1. Glenn Gould, “Streisand as Schwarzkopf,” in The Glenn Gould Reader, ed. Tim Page (New York: Vintage, 1984), 310.
19. Gould, “Streisand as Schwarzkopf,” 309.
Entry in a bibliography:
Gould, Glenn. “Streisand as Schwarzkopf.” In The Glenn Gould Reader, edited by Tim Page, 308-11. New York: Vintage, 1984.

 

Journal article

1. Catherine Pickstock, “Senses of Sense,” NTT Journal for Theology and the Study of Religion 73, no. 3 (October 2019): 141-167.
31. Pickstock, “Senses of Sense,” 160.
Entry in a bibliography:
Pickstock, Catherine. “Senses of Sense.” NTT Journal for Theology and the Study of Religion 73, no. 3 (October 2019): 
141-167.

 

Website (content)

2. “About Yale: Yale Facts,” Yale University, accessed May 1, 2017, https://www.yale.edu/about-yale/yale-facts
5. “Yale Facts.”
Entry in a bibliography:
Yale University. “About Yale: Yale Facts.” Accessed May 1, 2017. https://www.yale.edu/about-yale/yale-facts.

 

STYLE

The Concise Oxford English Dictionary is the journal’s standard for spelling, please be aware that any spell checker should be set to UK English.
Below you will find the most important stylistic and scholarly conventions that NTT JTSR upholds. For exceptions on the matter of style, please consult The Chicago Manual of Style, chapters five to thirteen.

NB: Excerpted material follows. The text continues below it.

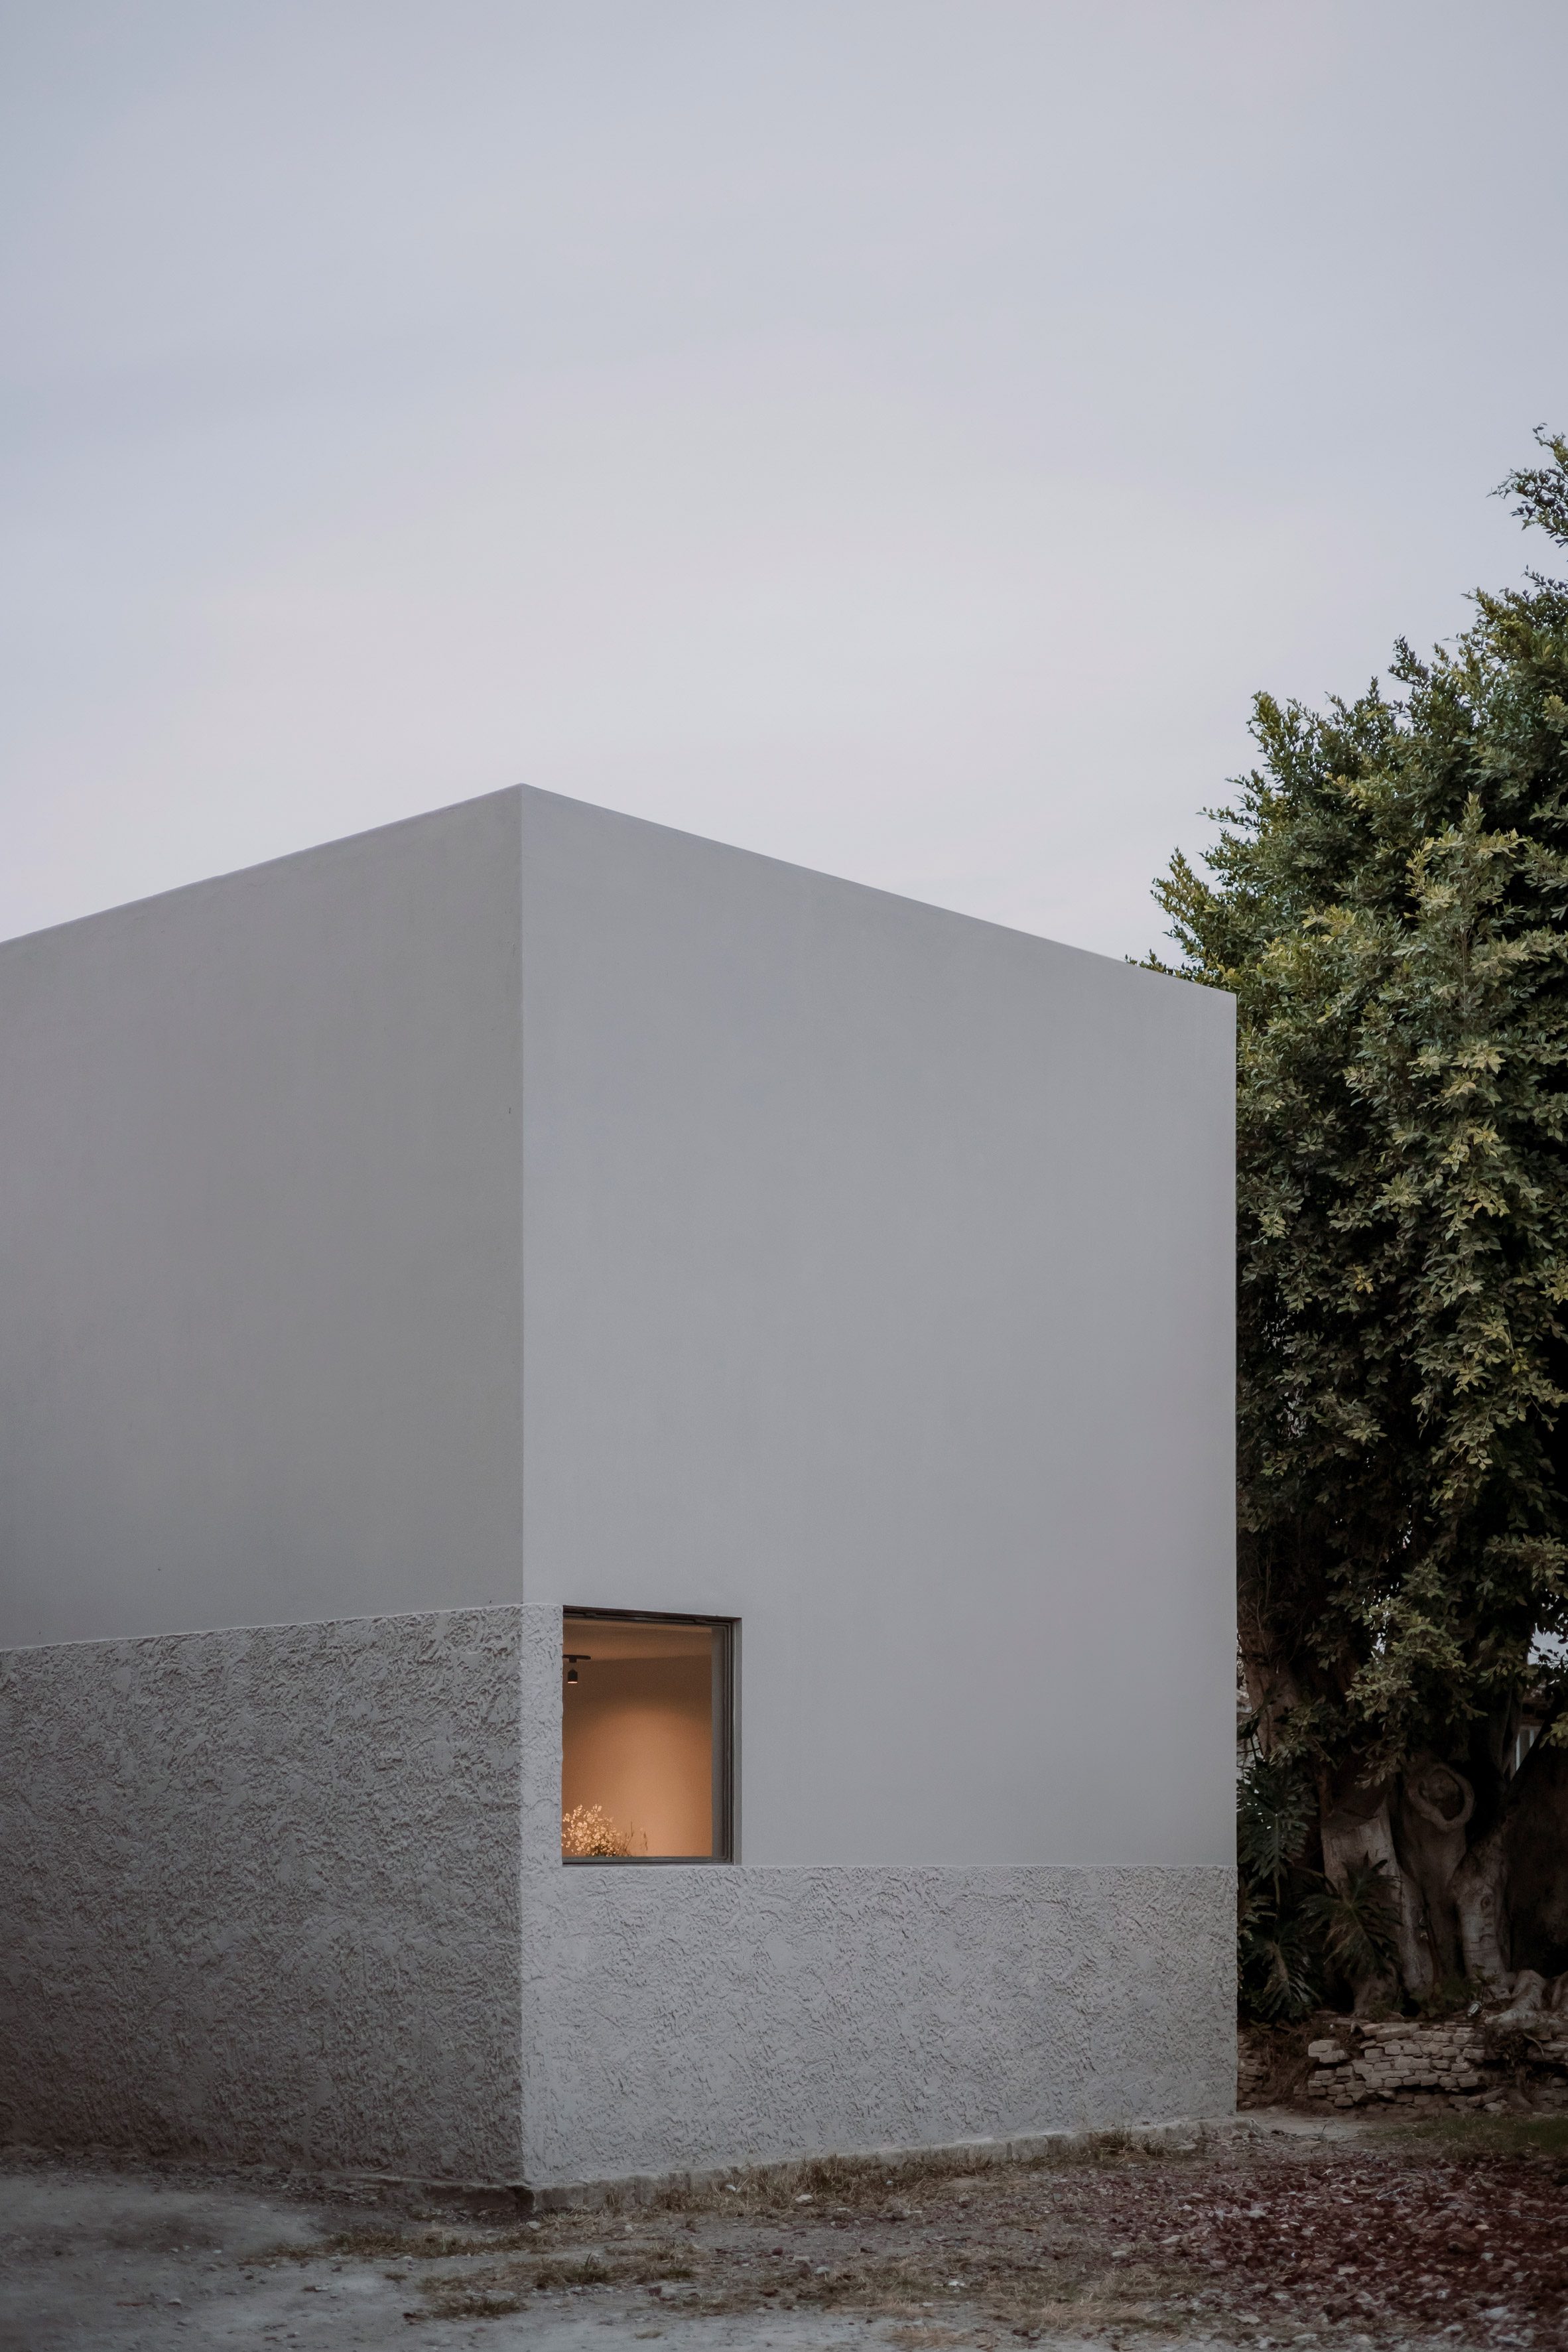 Moises Sánchez使用当地建筑方法建造墨西哥立方体房屋|ART-Arrakis | 建筑室内设计的创新与灵感

  • Sections and subsections are not numbered. Use brief titles for (sub)sections and only make use of a sentence-style capitalization.
  • We try to keep specialist abbreviations to a minimum, exceptions are for instance ‘Biblical abbreviations’ as suggested by The Chicago Manual of Style, section 10.44-10.48.
  • Please follow the SBL Handbook of Style for the spelling and abbreviation of antique sources that are not named in The Chicago Manual of Style.
  • Abbreviations are only used in footnotes and in parentheses.
  • Book titles are italicized:The Varieties of Religious Experience.
  • Quotations are placed between double quotation marks.
  • Quotations within quotations have single quotation marks. 
  • A quotation exceeding four lines is formatted as indented quotation.
  • Periods and commas are placed inside closing quotation marks, (semi)colons are placed outside. For the specifics and other punctuation marks, see section 6.9.
  • Numbers from zero to nine are spelled as words, ten and above are written as numbers.
  • Words in Latin or other foreign languages are italicized, unless they are very common. Several foreign words in a row are treated as a quotation and placed between double quotation marks.
  • Please avoid hyphenation.
  • No space before/after a slash.

FONTS

  • The article’s general text is formatted as followed: Times New Roman, size 11.
  • The article’s title is formatted in: Times New Roman, size 16, bold
  • Sections are formatted in: Times New Roman, size 12, bold.
  • Subsections are formatted. in: Times New Roman, size 11, italics.
  • Footnotes are formatted in: Times New Roman, size 8.